She was also a very big help, not only with our dancing, but also with the personal side of our relationship. She is our secret angel, she came to us at a very important time in our relationship together. Things were not all that great with us at that time. Competing was stressful, teaching, talks of building a future together, all the things we dancers do when you are in love with your partner. She really helped us to gain a new and better understanding of ourselves and how we were relating to each other. The time we spent speaking with her was instrumental in getting us closer to our dream of being together in the dance industry.”

 

Clifton Sepulveda & Mar Martinez
2017 Ohio Star Ball Cabaret Champions, World Master Cabaret Champions, 5x USA Finalists, Blackpool Finalists

Dear Ms. Silva,

 

“Recently my mother in law, Meg Stoll, sent my wife and I one of your articles. The article was titled “Happiness Is A Journey”, from your column in the DanceBeat Newspaper. I have to admit, that I didn’t have high hopes. But shame on me for judging an article by it’s title. I am no dancer, as anyone who watches my uncoordinated writhing on the dance floor can attest. But your article has wisdom in it for every person. I read it several times and shared it with my wife. We were both very impressed by your insight into human nature. I have to admit that I have personally thought, “I’ll be happy when…” And I believe your article speaks to the void in so many people in our country. Thank you for taking the time and effort to share your words of wisdom. We just wanted to let you know that you had touched us. God bless you and keep up the great work. I will continue to share this article with others.”

 

Michael and Melissa
Grapevine, Texas

Hi Susan,

“Just letting you know I got back from Japan several days ago. Had the most wonderful, magical time. I got along OK with my dance partner. It was your words which I wrote down over the phone that day that really helped. I brought that with me on the plane. You took your time to answer and asked questions and thought carefully about your answers. That meant a lot. Susan, I could not have done this without you and Jesus.
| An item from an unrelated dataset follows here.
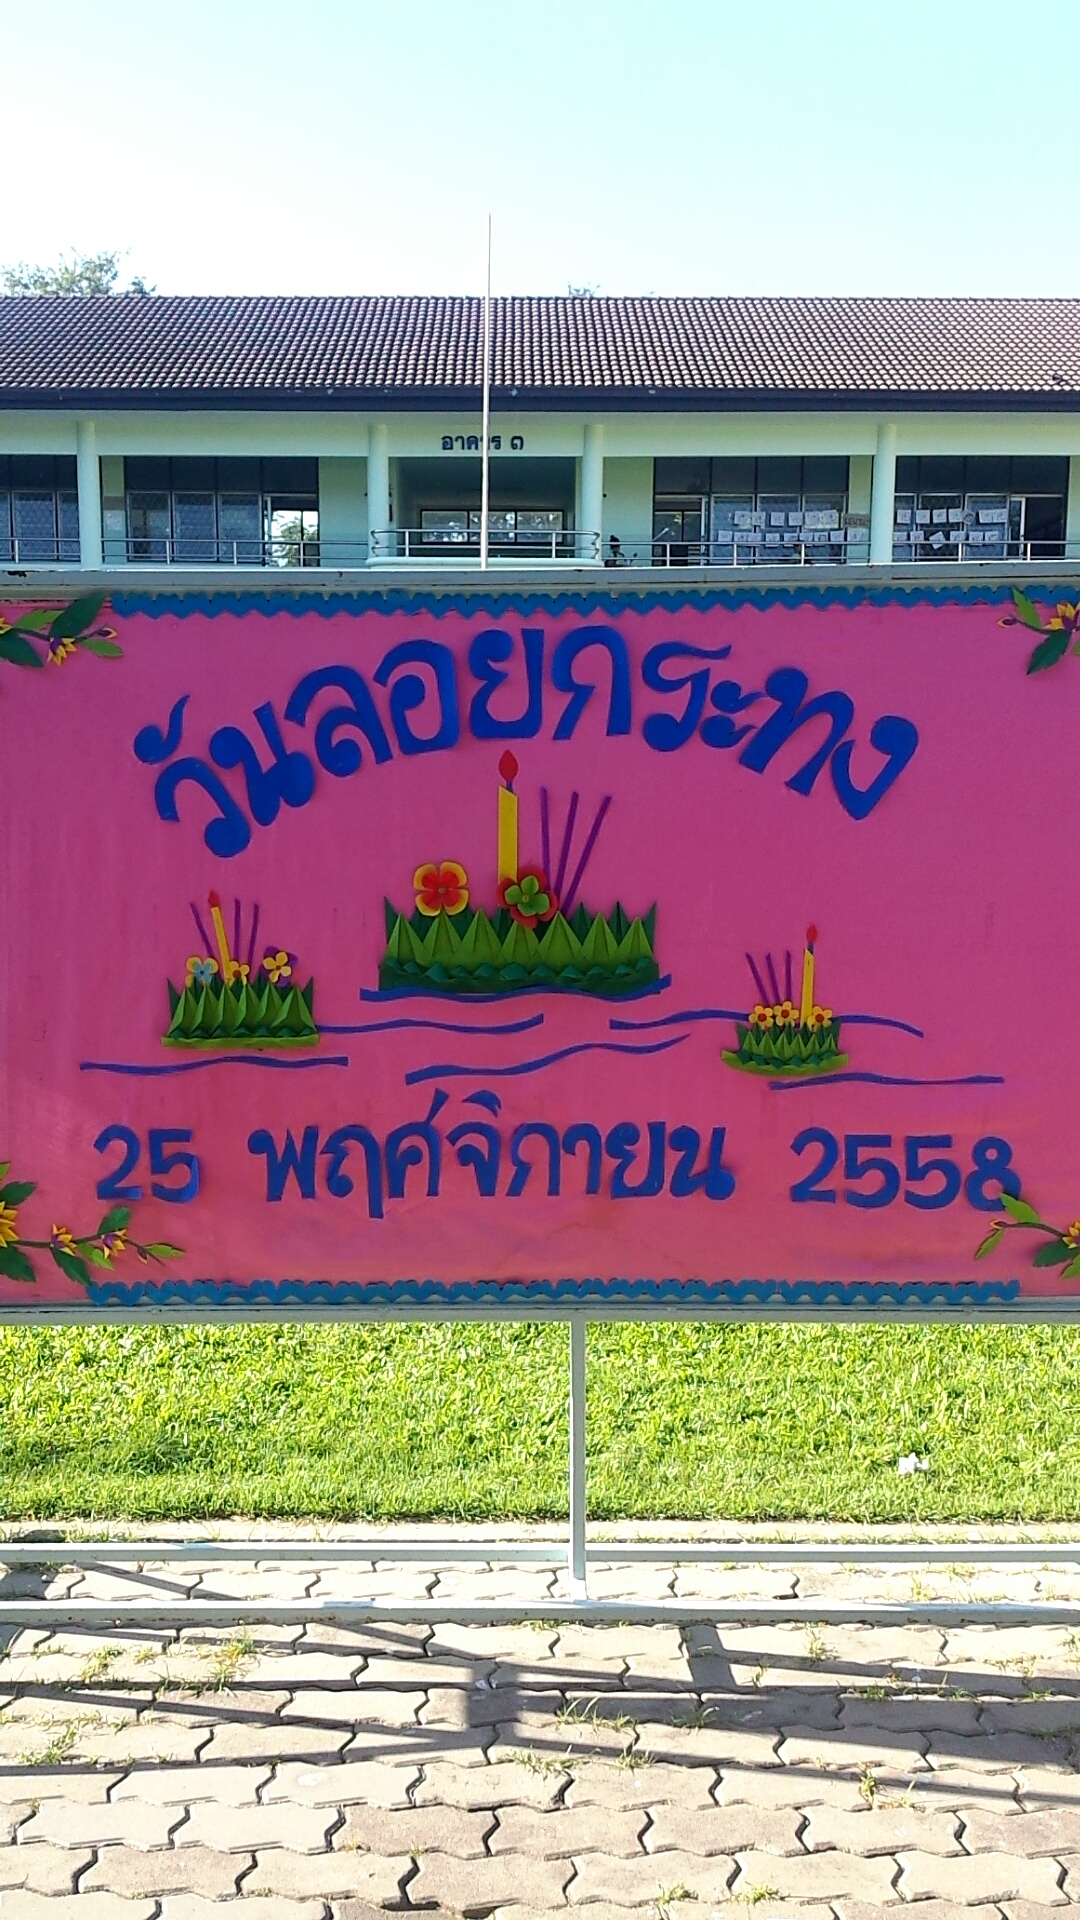 Happy Loy Krathong!
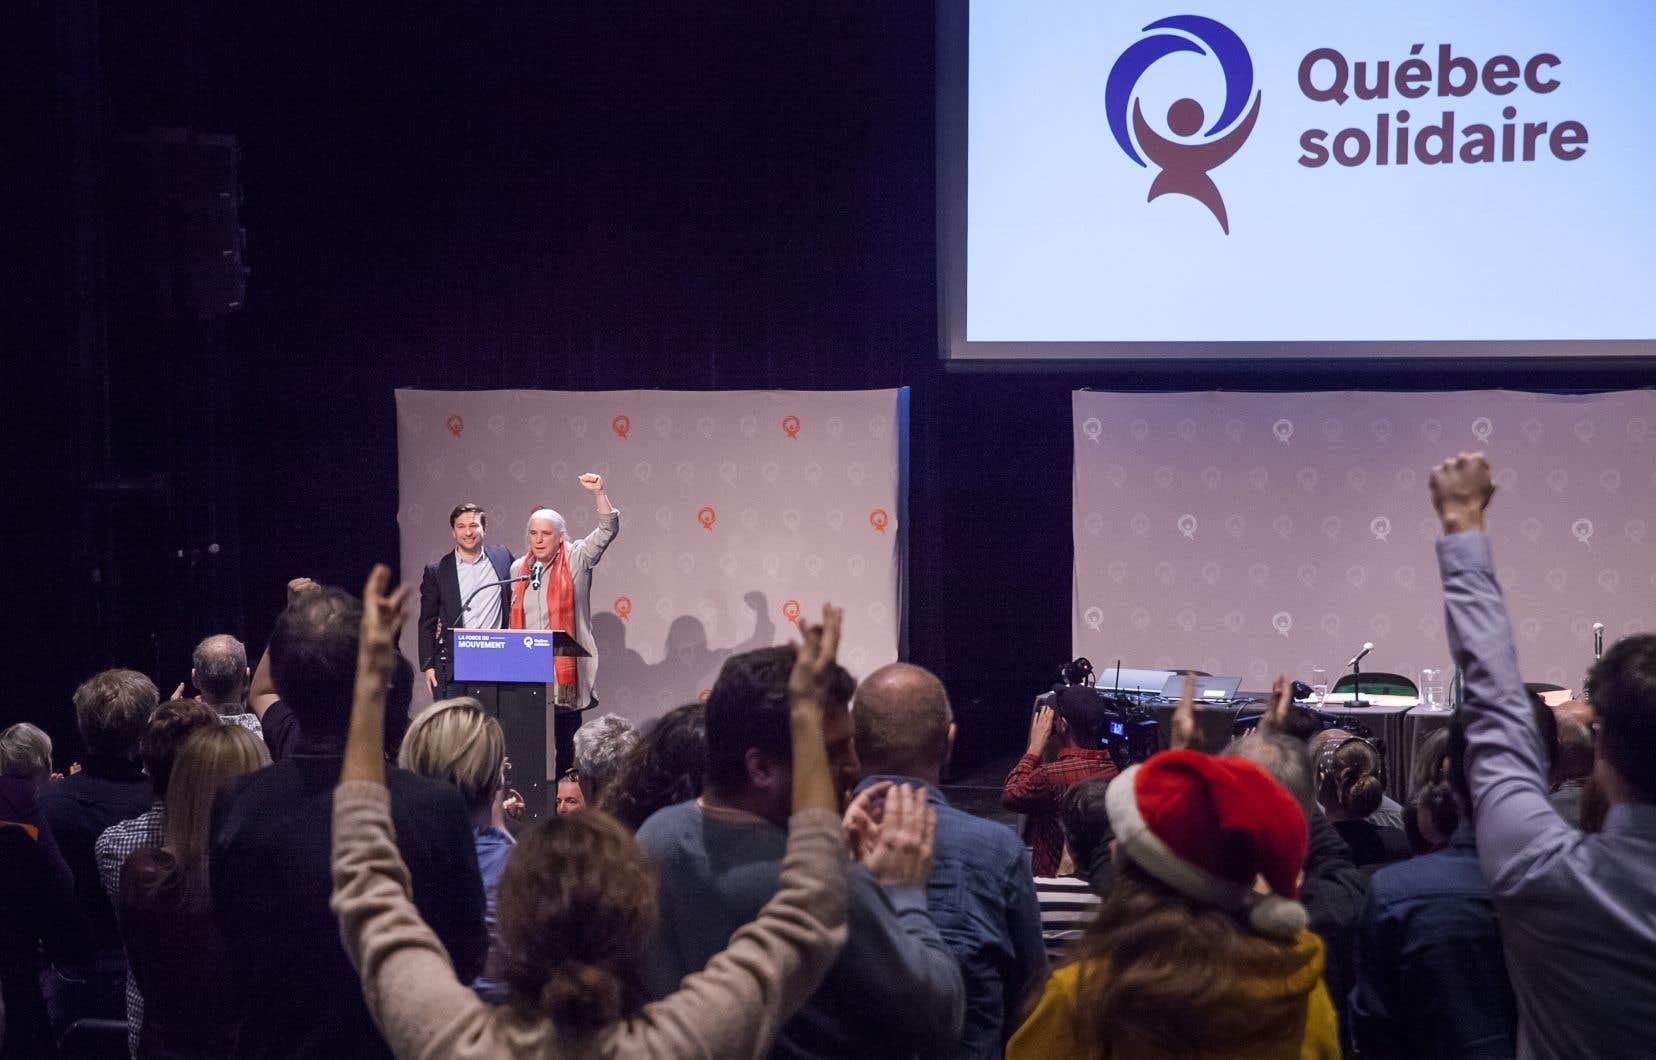 La députation de Québec solidaire a accueilli favorablement l'initiative.

It took a lot of faith and letting go of fear. It worked. Will be in touch in a bit about further formal sessions.”

Sincere appreciation,
K

Hello Susan,

 

“I am not sure if you remember me but I had sent you a couple of e-mails about dancing and my lung cancer. I am from New Canaan, CT but live in NE FL most of the year. I just received the new Dance Beat newspaper in the mail and just read your recent article about faith in our lives. It is so ironic that many times when I have read your articles I can relate SO well to events in my life.

 

I had my CT scan at Smillow Cancer Hospital at Yale two months ago to check on the tumors that are on my remaining upper lung. We have been monitoring the growth of the tumors every six months since I had the upper left lung lobe removed due to a cancer tumor three years ago. I was told in July that surgery was inevitable and that we needed to plan to have my upper right lung removed. I have been sending my lung surgeon pictures and statistics of my dance competitions over the past three years. He knows my love of dance and that I have a very high physical activity level. I am turning 60 next week and he wants me to remain as active as possible for as long as I can before he operates. He said that after the operation my lifestyle will be extremely compromised. He took my case to the “tumor board” and they all decided that it was safe to wait until next summer to operate. He said that he would give me until next summer to continue to dance and to go to my daughter’s wedding in July then we would repeat the CT scan and schedule the surgery. As you can imagine I was quite upset but after having a “pitty party” for myself for a week I knew that I had to trust God and move on enjoying my life.

 

Last week we competed at the USDC where I had won the Bronze American Smooth Title last year. I am new to Silver and have only danced in four competitions so far this year in Silver Smooth. The first day at USDC I prayed with a dance friend and told myself that I was dancing for God since I knew it would most likely be my last USDC. We had four heats of first rounds, then quarters, semi’s and we made it to the finals!!! In the finals I just went out on the floor with God in my heart and used my deep breathing techniques to relax. My teacher and I WON the Silver Smooth title and we were both sobbing with tears of joy. I know that God was with me and I am so blessed to have this gift of dance in my life!!! We went on to place third in Bronze Latin, second in Bronze Smooth and won the Bronze ten dance on our final day!!!

 

When I told my friend who prayed with me later that I was so sad about my cancer and how it was going to take away my dancing in competitions she said that she didn’t believe it would happen. She said that a vision came to her and she told me to write down the word CANCER. Then she asked me to draw a line down the C and make it a D!!!! She said she knows that God will continue to have me be a DANCER!!!! Even after my next surgery I am sure that I will dance in some fashion. When I read your article it was SO very inspirational. I will do what you did and put up my dance pictures, visualize myself as dancing again and I know that I will surprise my doctors.

 

At this competition I had more people coming up to me saying that my smile lights up the floor but that they couldn’t put their finger on it but there was something deeper that seemed to be driving me. Little did they know that it was my gratitude for being SO very thankful everyday that I am able to live my life. I just wanted to update you and to let you know that your words and story continue to touch my life!!!”